Meanwhile the money Wolanski had given them was running out. The island of Sardinia

had proved to be far from cheap. Eventually they decided to sell the van since living in it had become unbearable, it was so hot and constantly burning petrol by using the air conditioner was getting too expensive. They made a serious loss on the sale of the van, but they didn’t really have any options. They moved into a budget hotel three hundred meters from the cigar shop and hired a cheap scooter for operational movements around the island.

Their frustration and despair would have overflowed long ago, but after the van, living in a cheap little hotel seemed almost like heaven. The relaxing atmosphere of the cozy Italian island also helped keep their dark forebodings at bay. Their evening walks immediately after the cigar shop closed would beat any psychiatrist treating an onslaught of a depression. Every morning and every evening Isaac jogged five kilometers to the sports ground where he worked out for an hour and then ran back. A little more of that and he would have to buy new clothes again.

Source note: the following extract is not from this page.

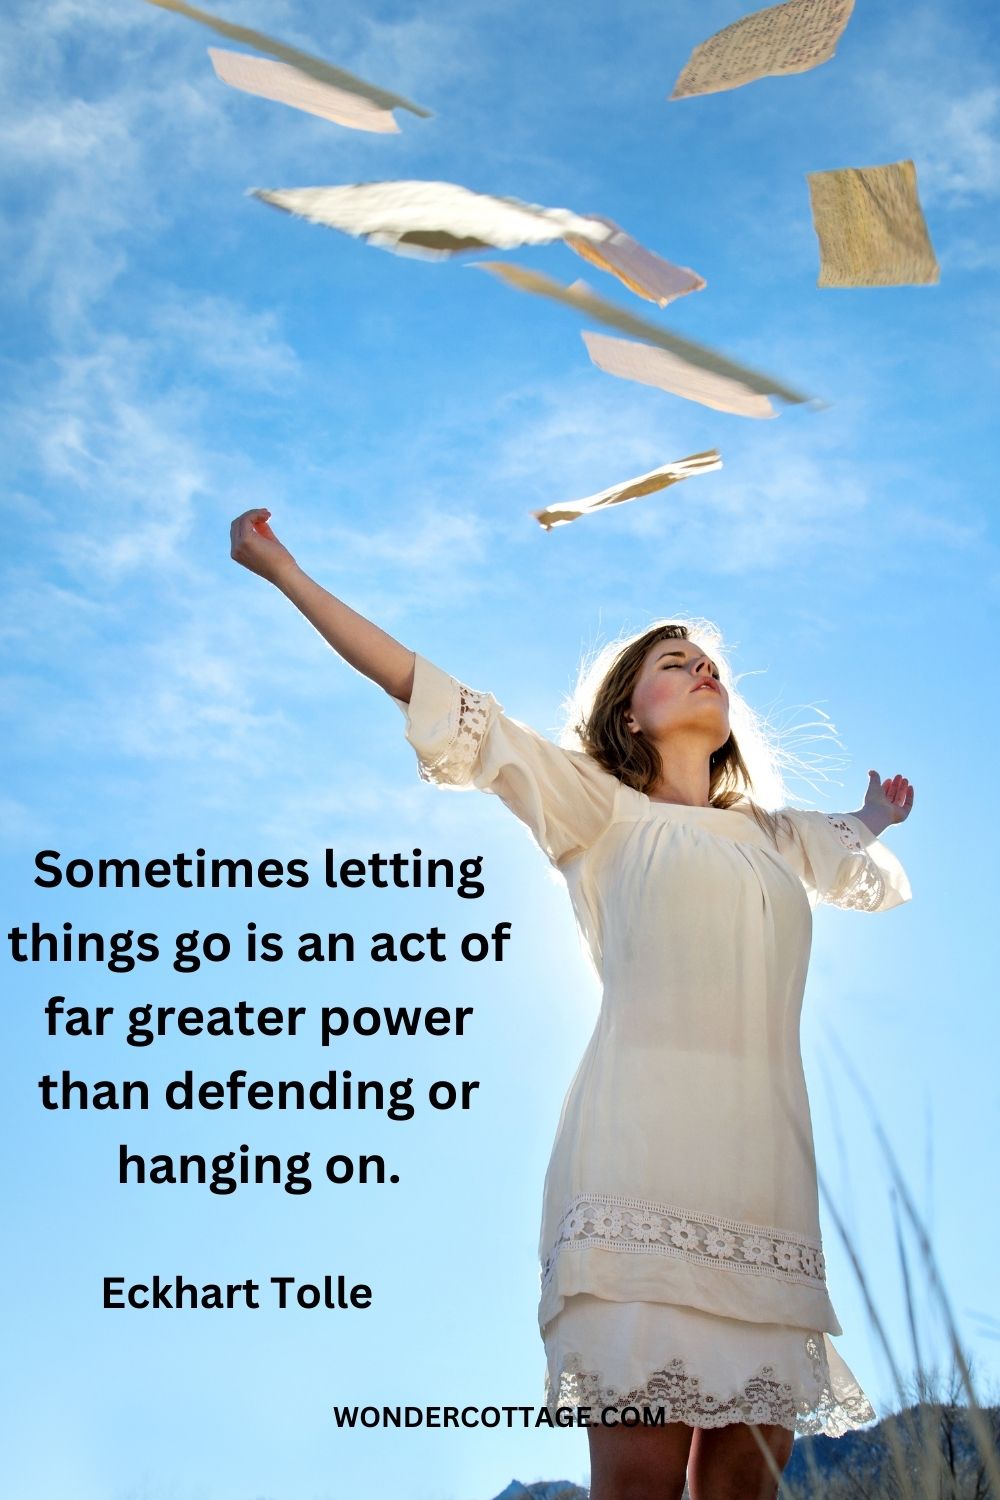 Sometimes letting things go is an act of far greater power than defending or hanging on. Eckhart Tolle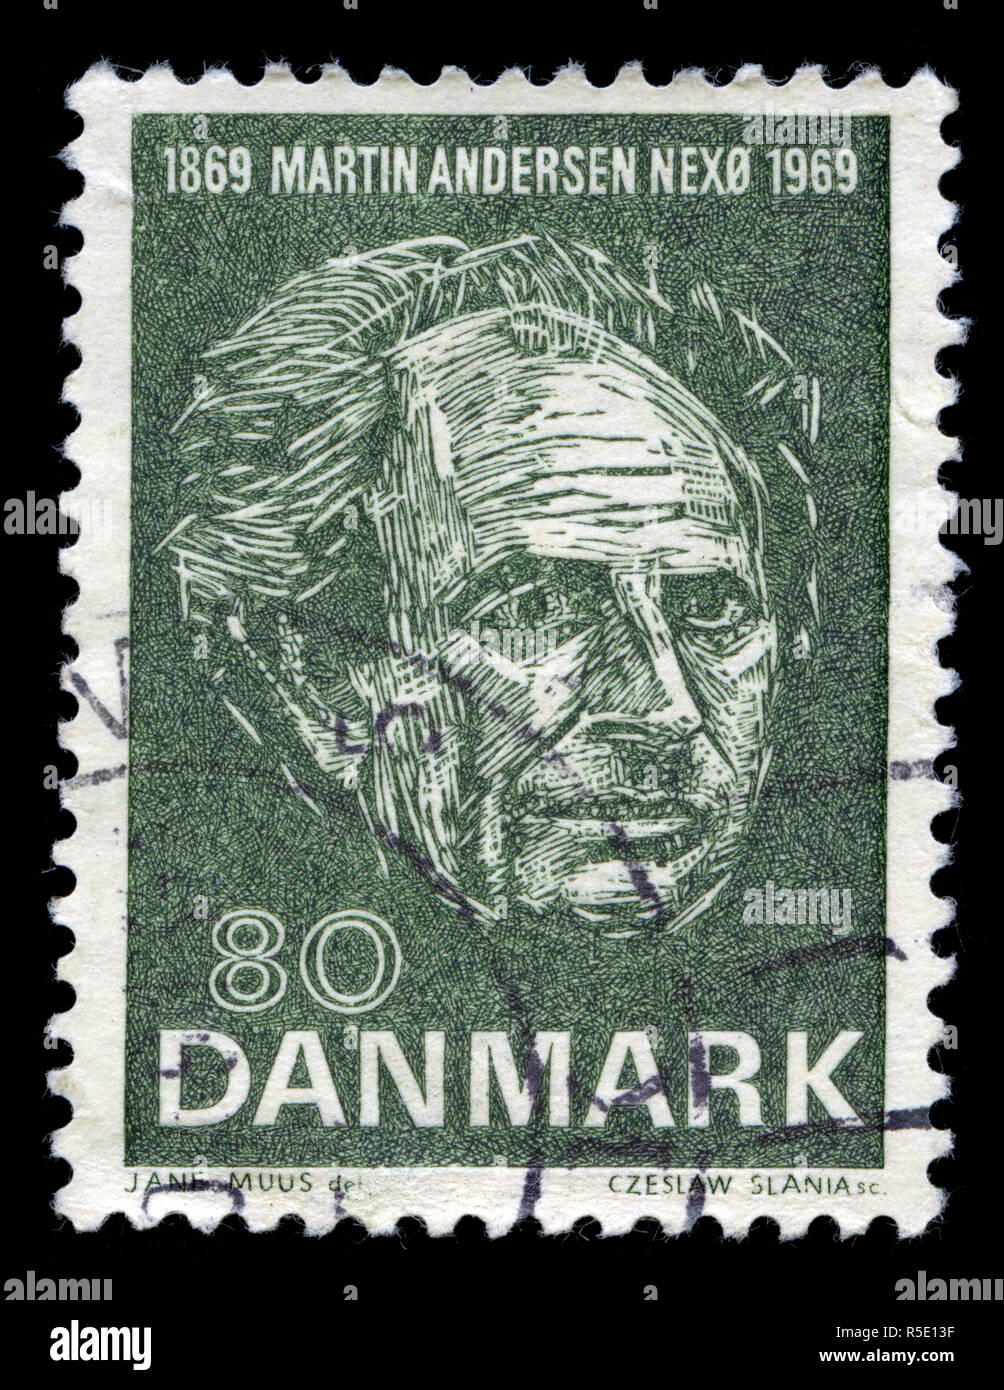 Postage stamp from Denmark in the Martin Andersen Nexø (poet, writer) series issued in 1969 Stock Photo

Days were exhausting, but evenings after the shop closed was when they could walk to

the port or take a swim, and that inspired them with hope for the next day. The backdrop of luxury yachts and laid-back people had a calming effect on them. Now and again Bikie picked up another female tourist, while Isaac and Michelle exchanged phone calls and messages more and more often. He lied to her, saying that Bikie and he were already in Palermo, fearing that Michelle might decide to come to Sardinia. She probably had loads of friends here. He really did not want her to know that Bikie and he were living in a two-star hotel with a communal shower and a kitchen in the corridor. After Wolanski’s villa, his room seemed like the ultimate slum.

After all, the womanizer Bikie had been right. After Isaac’s promising start with

Michelle, the involuntary separation only enflamed their mutual feelings. This was especially true with Michelle, who was accustomed to men being willing to drop everything for her sake.

The mysterious Isaac had gone zooming off on his own business for nearly a month which made him all the more interesting in her eyes. And what sort of business he had was a mystery too, but he obviously didn’t look like a criminal or a scam artist. No matter how hard she tried to find out

where he was and what he was doing, she got nowhere. Nothing but excuses and evasive explanations.

Isaac was not glad to be stuck on the damned island either. From what the doctors said, Vicky was improving, but there was still no question of recovery without surgical intervention.

He wanted to see Michelle really badly but then he would have had to tell her everything and he couldn’t. It would be bad for the cause, and there was no point in putting the girl to unnecessary risk.

Isaac phoned Vicky’s hospital too having to explain every time that he was her brother, gradually returning him to that role for real, so he decided that his temporary lust for her was a result of stress and purely brotherly concern. Apart from everything else, getting to know Michelle has been very timely in that way too.

Still there was this one detail that was bothering commissioner Pellegrini, and he called back in the Monaco branch of Collective Mind to find out what the board that had disappeared consisted of. The system administrator, now fit and well, told him that the most valuable part lost was a memory card, something that really ought to have been backed up constantly, but the instructions were not to do that, in order to protect from copies being made of the classified data base. Pellegrini frowned with the man’s ability to bore one to death with his work talk, thanked him for assisting the police and hung up without waiting for more explanations. Pellegrini hated people who talked too much and off the point, in fact he was afraid of them. That was just about all that he feared in life.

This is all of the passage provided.